By Timothy Culbert, M.D.

Q: My eight-year-old son has been diagnosed with attention deficit hyperactivity disorder. Is there any chance that changing his diet will make a difference?

A:
There have been quite a few “gold standard” studies supporting the idea that for certain kids, dietary changes can be a big help.

One type of diet (known as oligo-antigenic) is fairly radical; it eliminates ingredients that are thought to provoke allergies, including dairy, gluten, refined sugars, dyes, preservatives, and additives. A theory as to why this might make a difference has to do with a phenomenon called leaky gut syndrome. Normally, the intestinal lining serves as a good filtering system for proteins like those that trigger allergies. But in some people, the gut seems to have a sort of “leak” that allows these proteins to get into the bloodstream. At that point the immune system reacts, and this can contribute to behavioral problems.

The pure form of this diet is very restrictive and can be difficult to stick to.

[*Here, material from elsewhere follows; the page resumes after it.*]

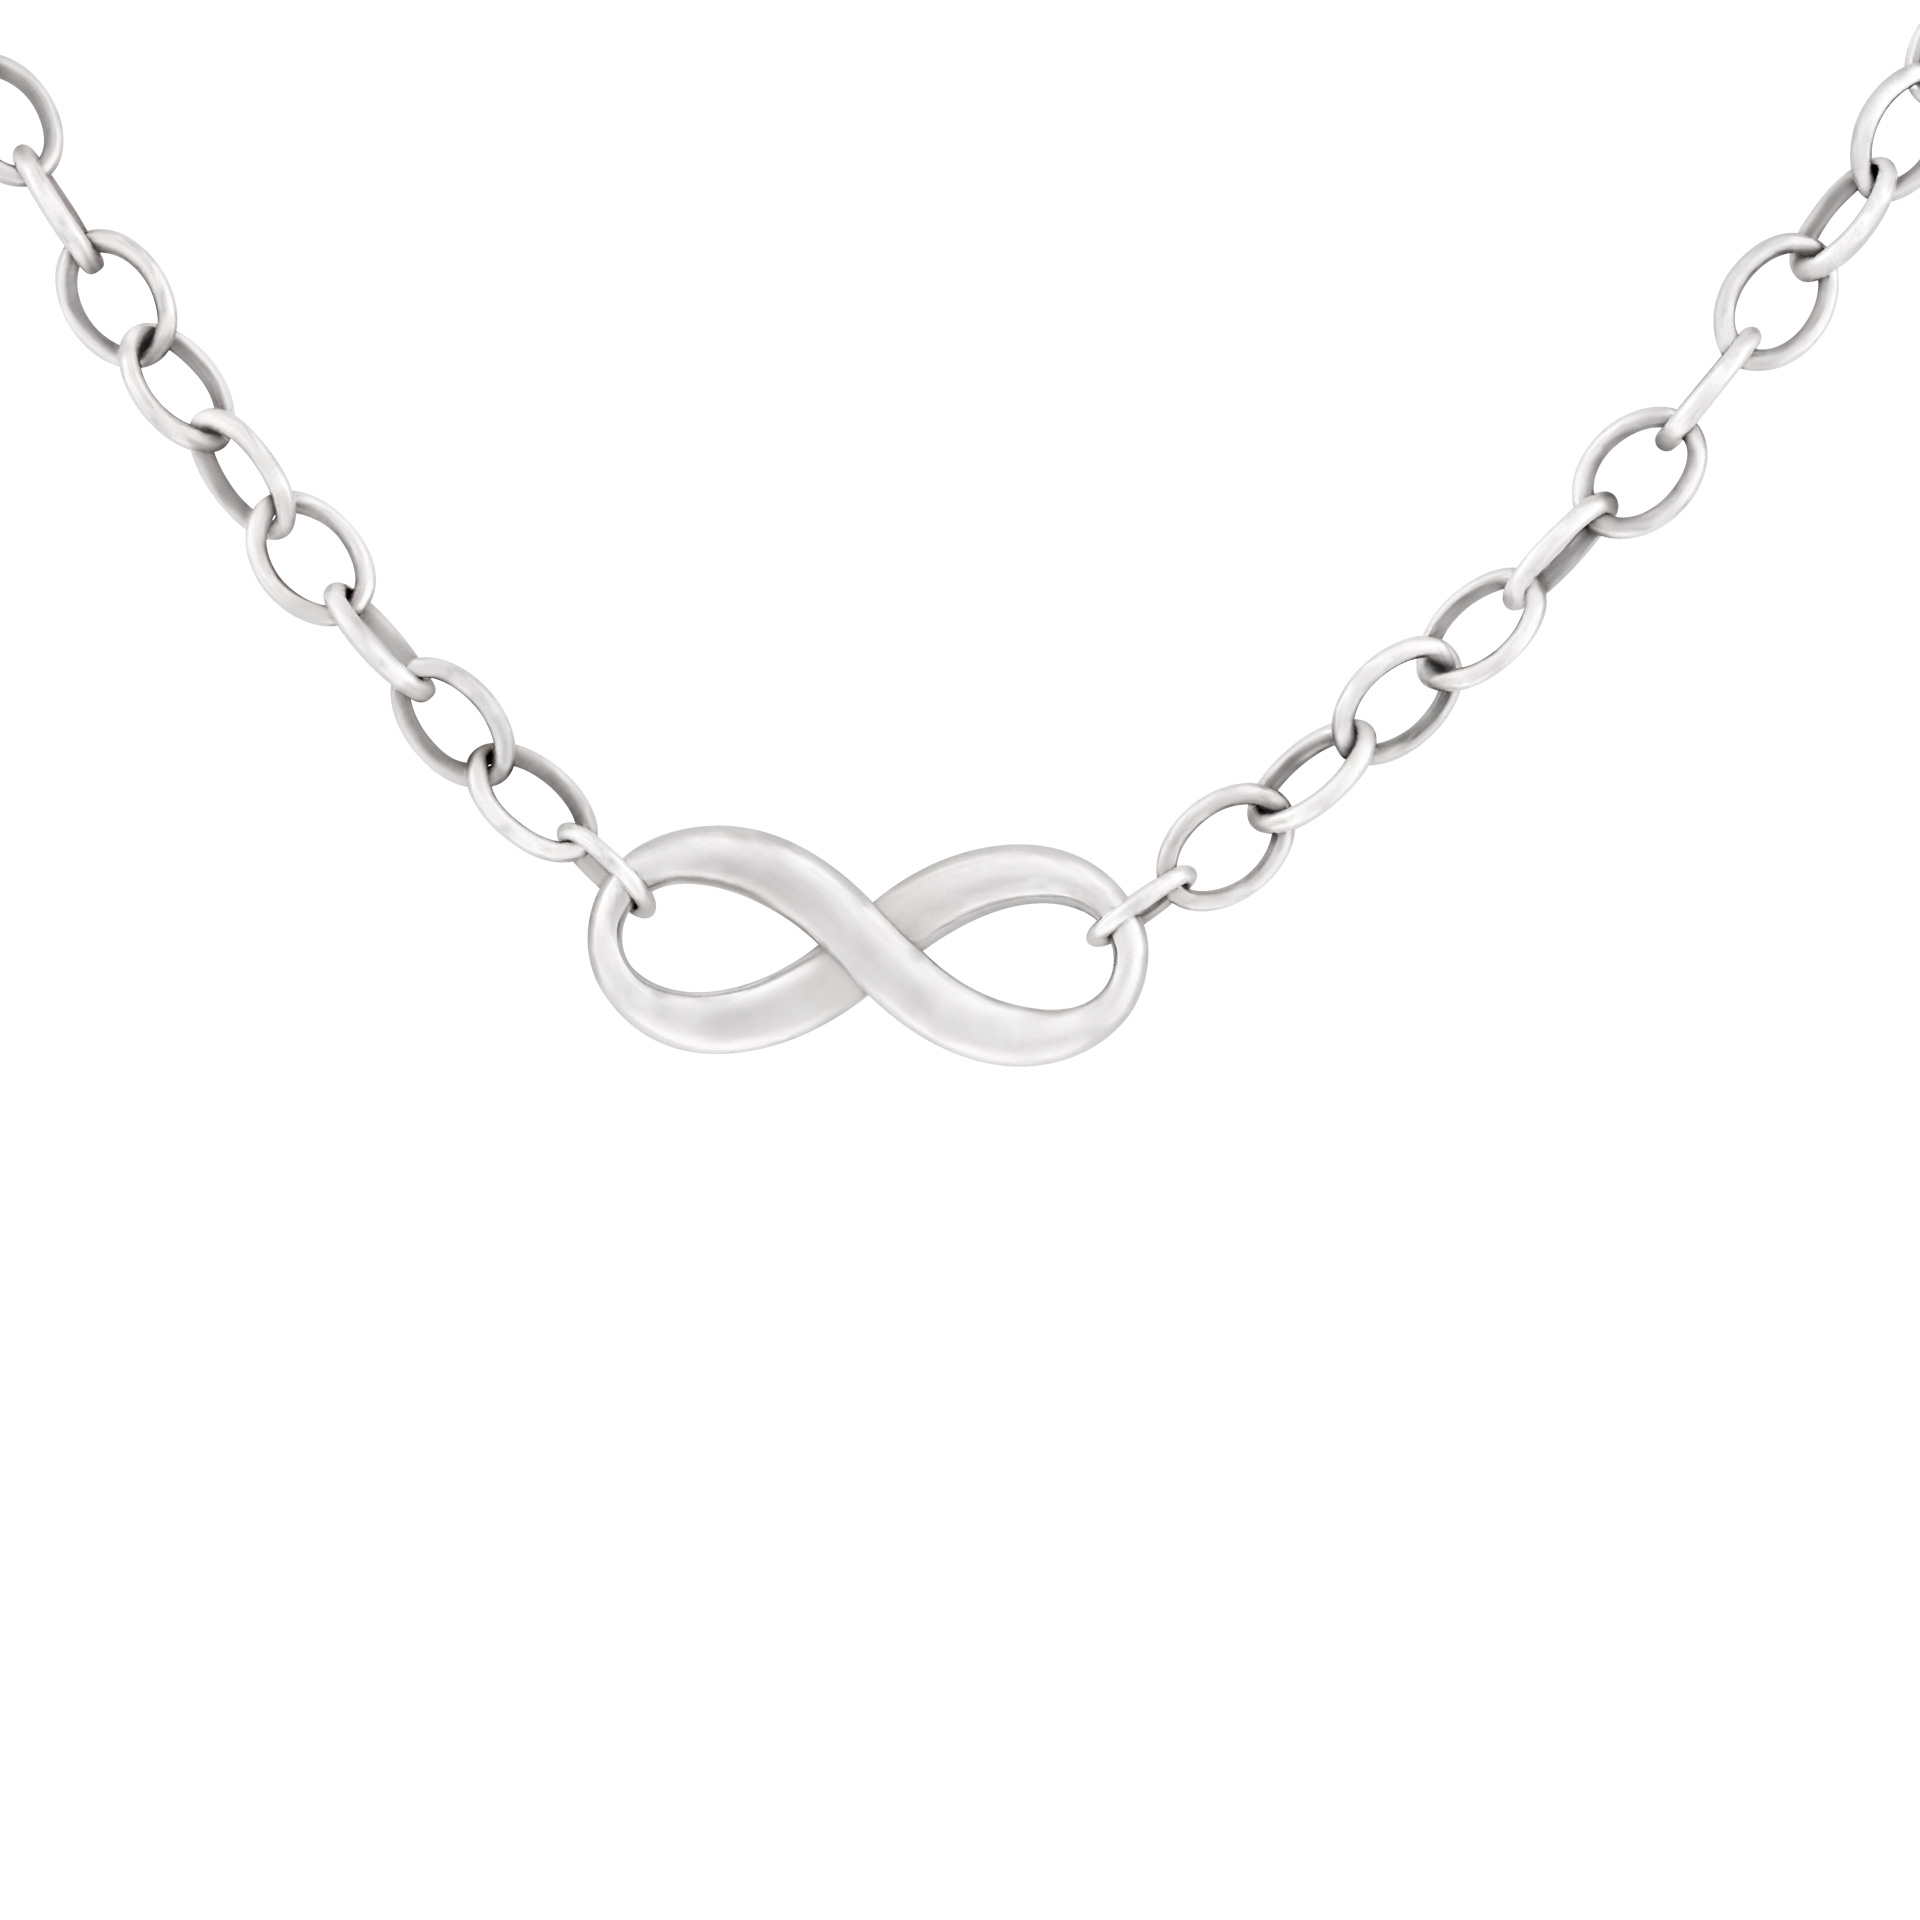 Tiffany & co Infinity pendant and chain in sterling silver. image 1

It allows only two types of meat (lamb and turkey), two types of starches (rice and potatoes), two types of vegetables (cabbage and carrots), and two fruits (apples and bananas).

A more practical approach might be to test potentially troublesome foods one at a time. Eliminate dairy, say, for three weeks to see if any significant changes occur. For most people, this approach is pretty doable, and there’s very little downside to trying it.

As a general guideline, I’d also suggest giving the child unprocessed and organic foods, to avoid contributing any additional toxic load to the body.